Model structure A single-compartment in vitro model and a three-compartment in vivo model were built (figure 1). The bispecific molecules could first bind to either 4-1BB or PD-L1 and then crosslink the other receptor to form a trimer.Parameter estimation: The model’s binding parameters were calibrated to experimental in vitro data (figure 2). Two crosslinking rates were carried forward to model predictions to capture uncertainty in its value. Other model parameters were estimated from the literature.Model validation: The model was validated by comparing model simulations to data from two in vitro assays (figure 3).In vivo predictions: Simulations of ATG101 in human solid tumor patients were performed using the calibrated binding parameters and standard antibody pharmacokinetic parameters. Simulations varied the crosslinking rate and number of PD-L1 receptors per tumor cell to capture important sources of uncertainty and variability. Single IV bolus doses ranging from 0.001 to 30 mg/kg were simulated.

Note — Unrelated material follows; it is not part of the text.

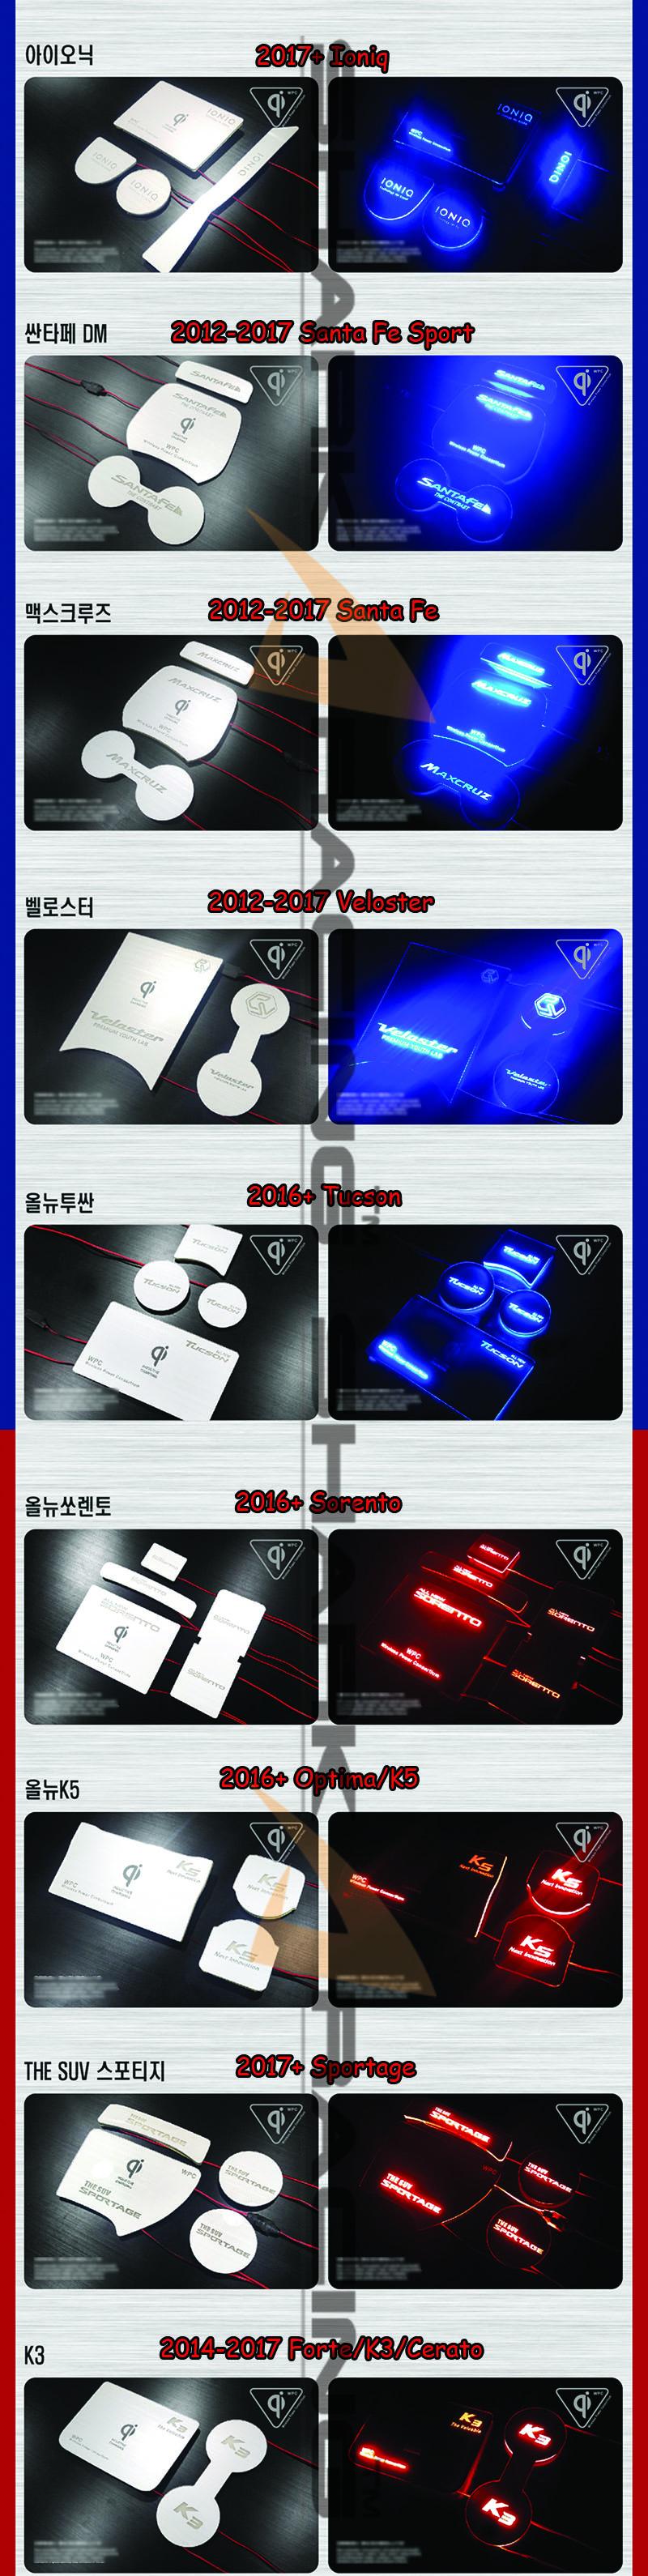 wireless7.jpg

Results The model predicts trimer formation exhibits a non-monotonic dose response and that doses between 0.3 and 3 mg/kg maximize trimer formation. Simulations predict that ATG101 can sustain greater than 80% and 70% trimer formation and 90% and 95% PD-L1 occupancy in the tumor at a dose of 2 mg/kg and 3 mg/kg, respectively, once every three weeks (figure 4).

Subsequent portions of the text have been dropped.